Friday, November 17, 2006

Newbigin, "The Gospel in a Pluralist Society"

Book Review

Lesslie Newbigin, The Gospel in a Pluralist Society. (Grand Rapids, MI: Eerdmans, 1989)

This book is a penetrating analysis of contemporary religious pluralism. It touches many aspects on issues of the gospel, faith, tradition, culture, contextualization, and postmodernism. The one underlying theme may said to be the proclamation of the gospel in a pluralist society which is not domesticated within the assumptions of the modern thoughts, but rather challenges these assumptions and subject them under a new and critical light.

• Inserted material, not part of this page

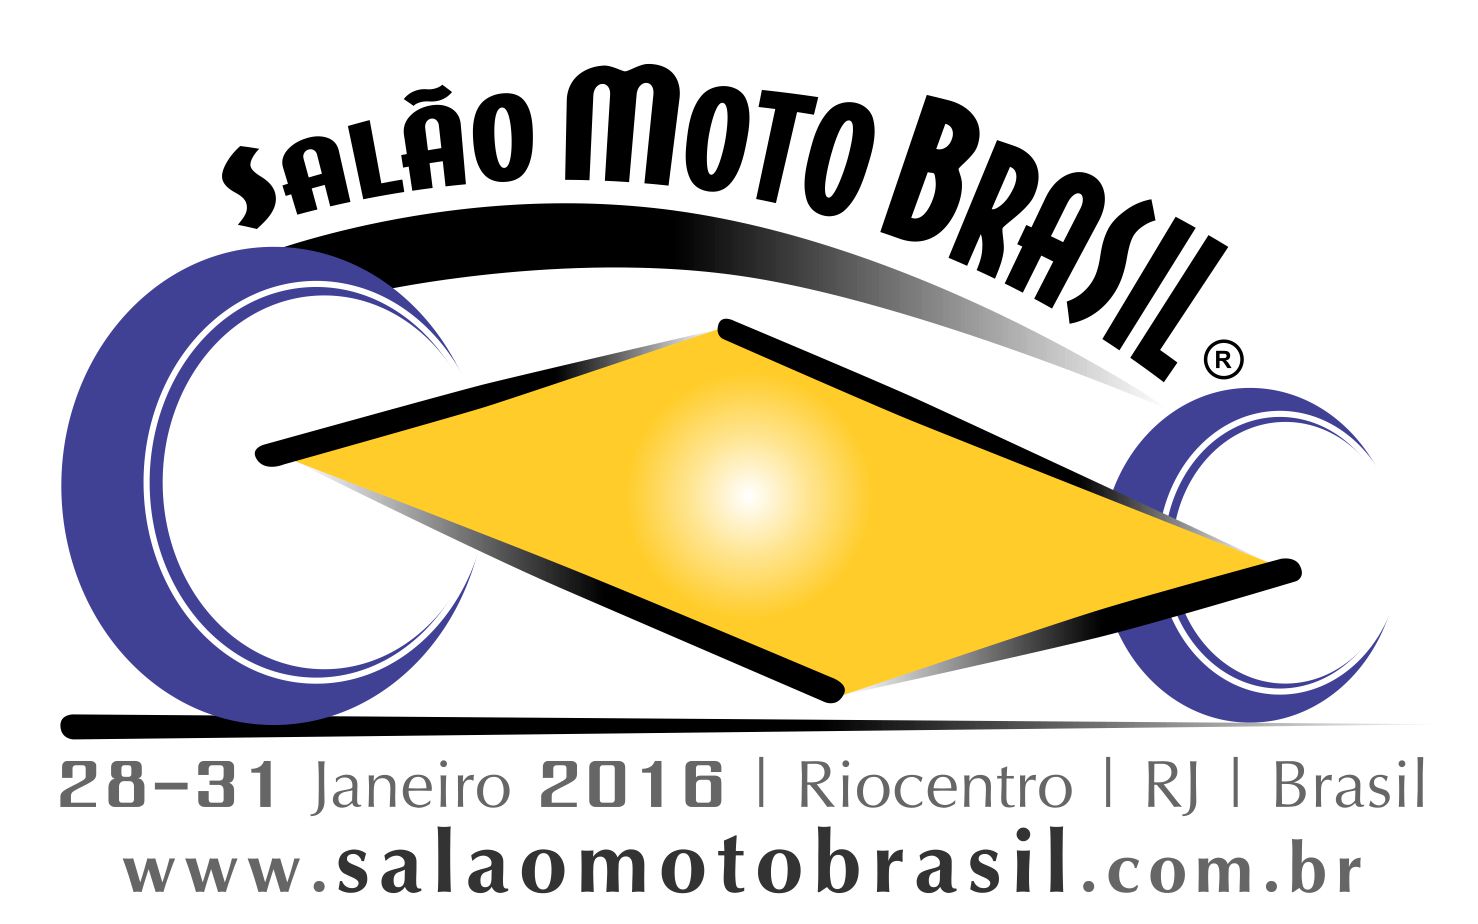 Salão Moto Brasil -Logo final-data-www 01

Newbigin develops his thoughts by showing why and how a Christian message can be conveyed and understood in a pluralist society. In religion, a pluralist tends to believe a transcendent is greater than a single philosophy can grasp hold of. He challenges this view by showing the claimants that they are asserting a source of knowledge on their own, establishing for themselves a point of reference which they deny to others. Newbigin also shows the common fallacies which are involved in a true pluralist view that is infiltrated with many assumptions from the Enlightenment and contemporary postmodern thought. There are accepted areas in which truth can be established, such as mathematics. He goes on to show that religion can be of this area of truth, and truth for all.

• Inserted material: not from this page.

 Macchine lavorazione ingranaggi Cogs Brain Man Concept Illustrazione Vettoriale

Newbigin also takes on issues of faith, reason and science. Newbigin’s engagement with Michael Polanyi and Alasdair MacIntyre treats this issue by showing how science does not have a privileged position in the discussion of what counts as public truth. From Polanyi, Newbigin deconstructs scientific knowledge by claiming that it derives as much from a faith commitment to the scientific community as theological knowledge from its own faith commitment. He argues that no one, including scientists or historians can completely stand outside the influences of their particular culture and tradition. All understanding whether religious or moral values, or scientific information involves a certain extent of faith and tradition. Science, for example, is counting on a socially embodied tradition that relies heavily on established doctrine which ultimately requires faith to function. Thus, there is no contention between faith and reason, but rather between different socially embodied traditions, and each attempt to narrate their interpretation of the world from their own rational framework. In doing this, Newbigin puts the whole issue of science and Christianity in a different light. Therefore, Christianity has no obligation to justify itself on the basis of secular reason, but rather must be seen as an alternative form of reasoning based on different presuppositions.

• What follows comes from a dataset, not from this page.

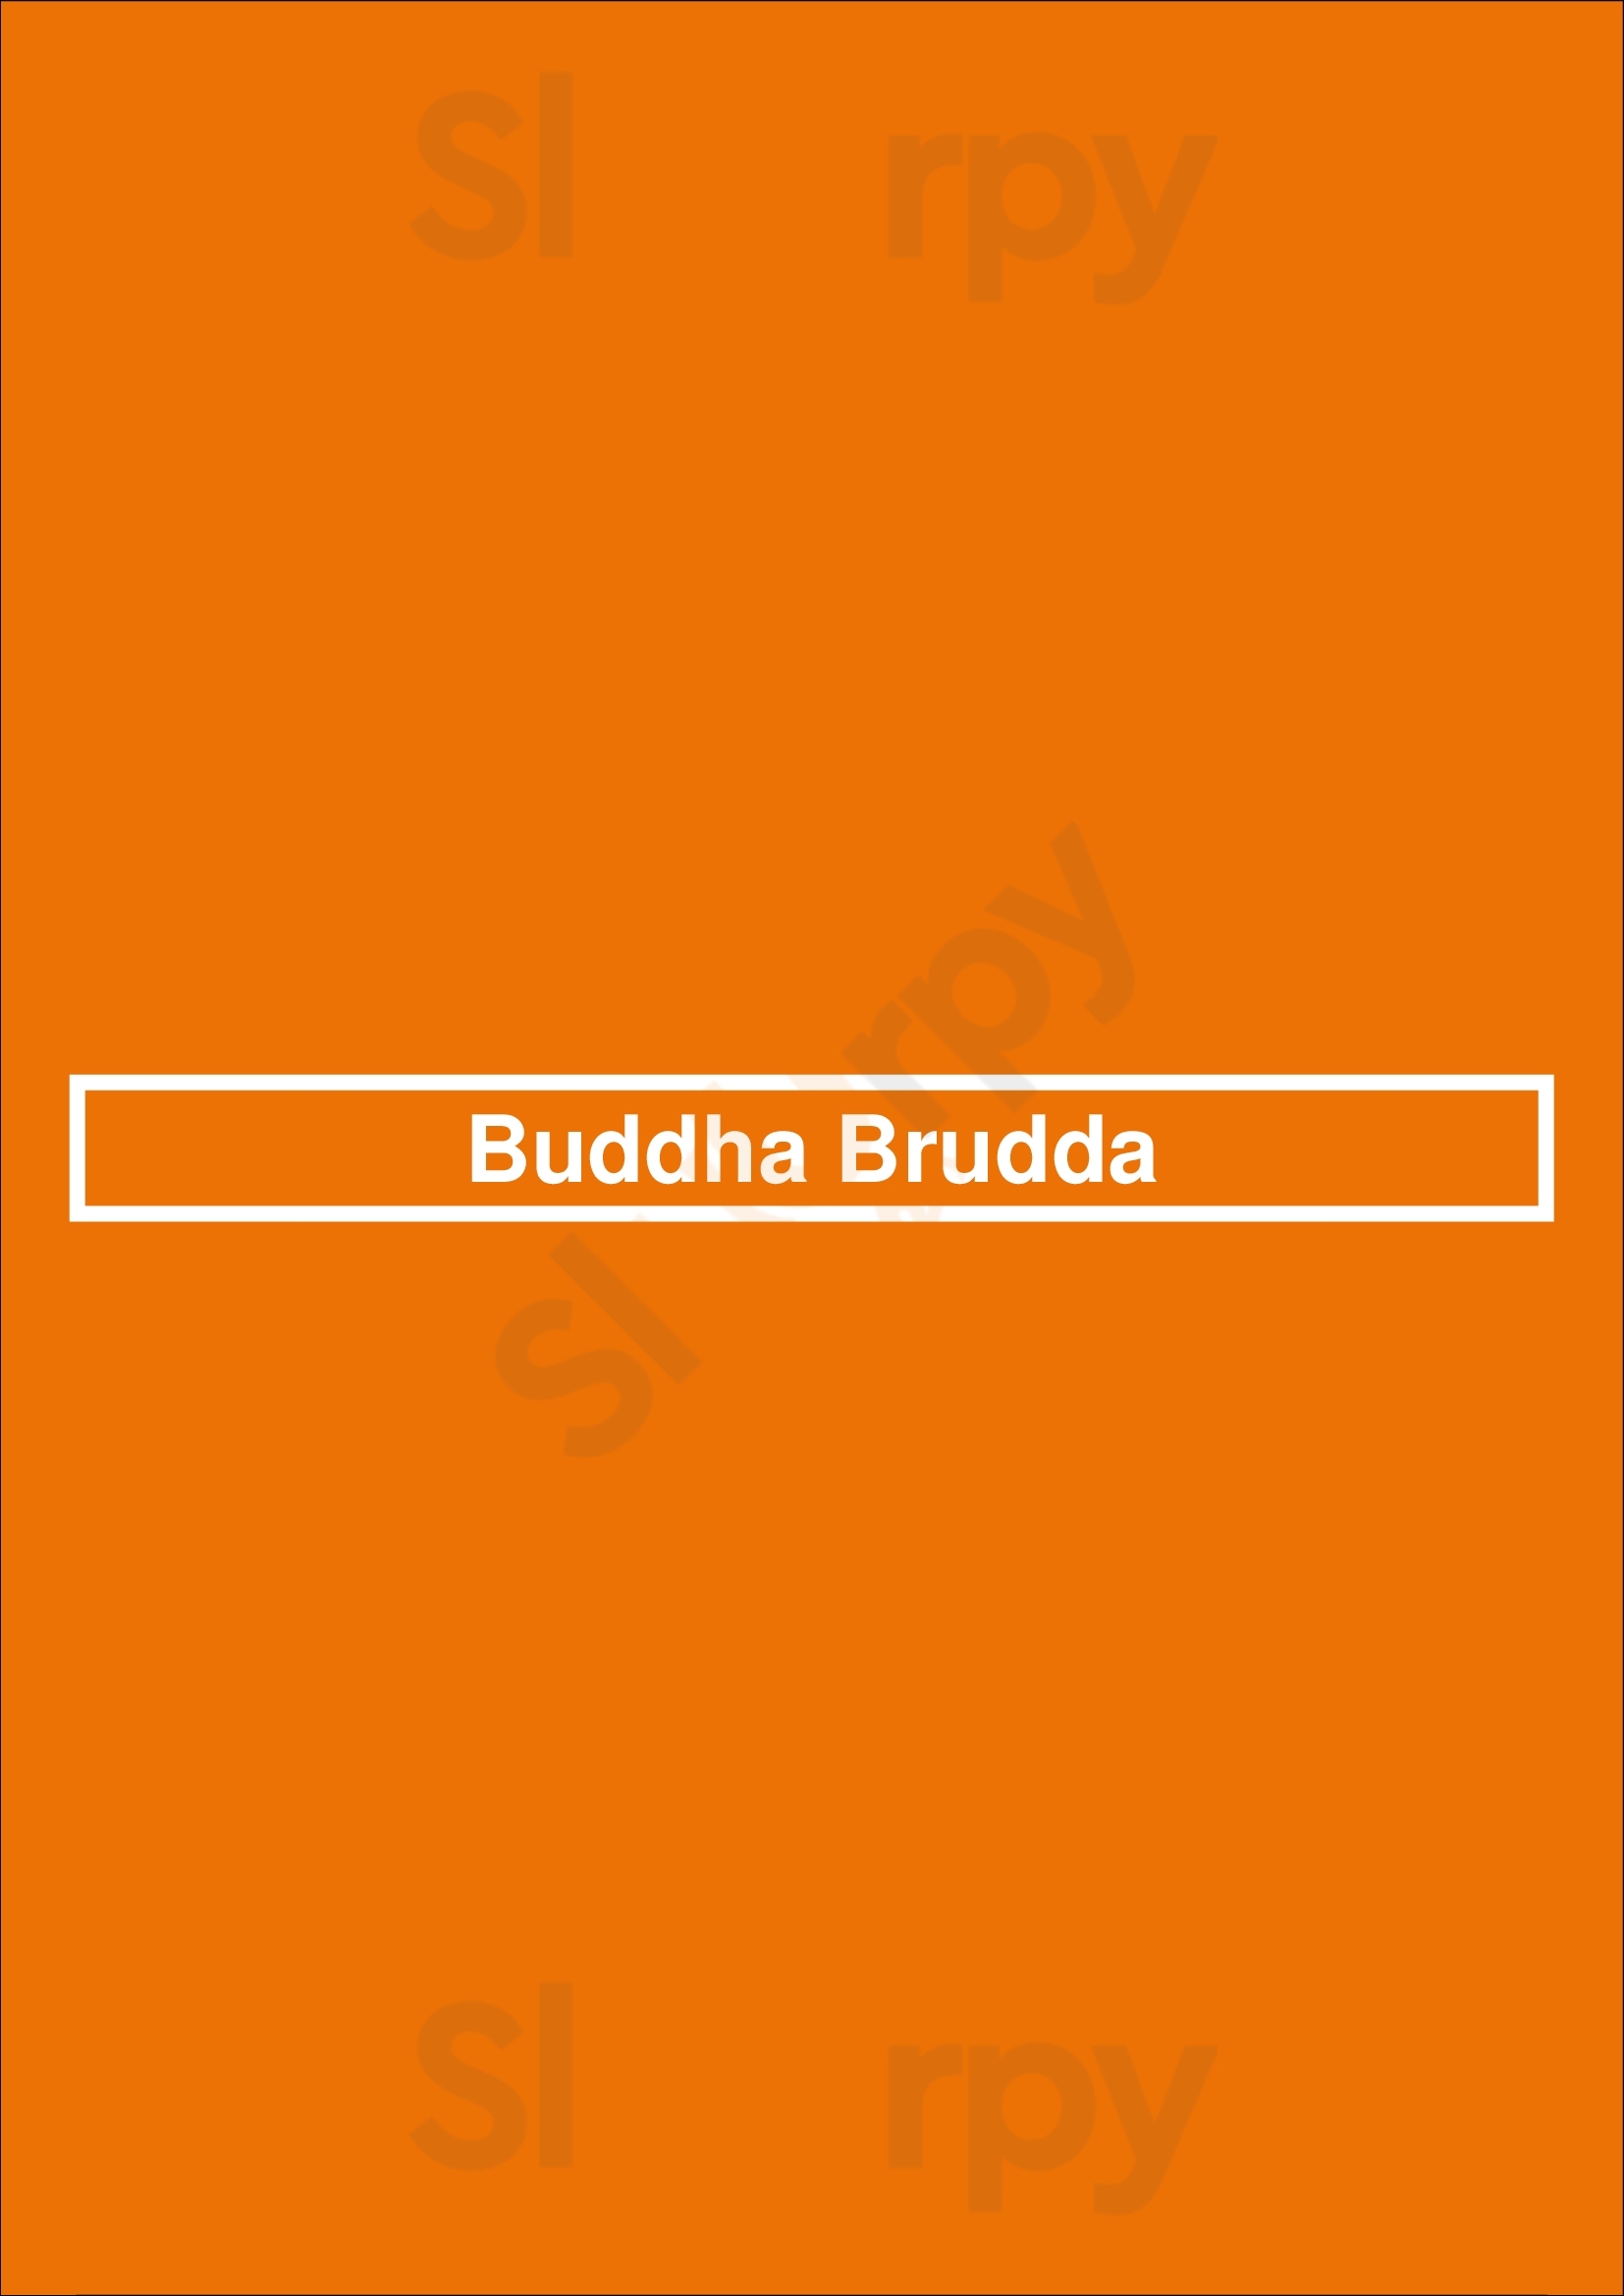 Buddha Brudda Seattle Menu - 1

On the basis of this theoretical and social-scientific knowledge, as well as the exegeses of biblical passages, Newbigin contends that the best solution to the problem of a pluralistic culture is the local congregation proclaiming (rather than just defending or explaining) in word and deed the story of Jesus Christ as a story that places human, through a faith commitment in a society that witnesses to an alternative order. Since Christians believe the truth is revealed in Christ, we must form a responsible opinion about truth, committed to it passionately and publish it for all to share. Only in this way can the local congregation both display integrity, and submit one’s truth to the scrutiny of others- to be affirmed and modified. It is not hard to see how this relates to missiology. In terms of this view, gospel requires commitment and proclamation. This leads to a confirmation of its truth in various ways, or it may even lead to a revision of the Christian beliefs and practices.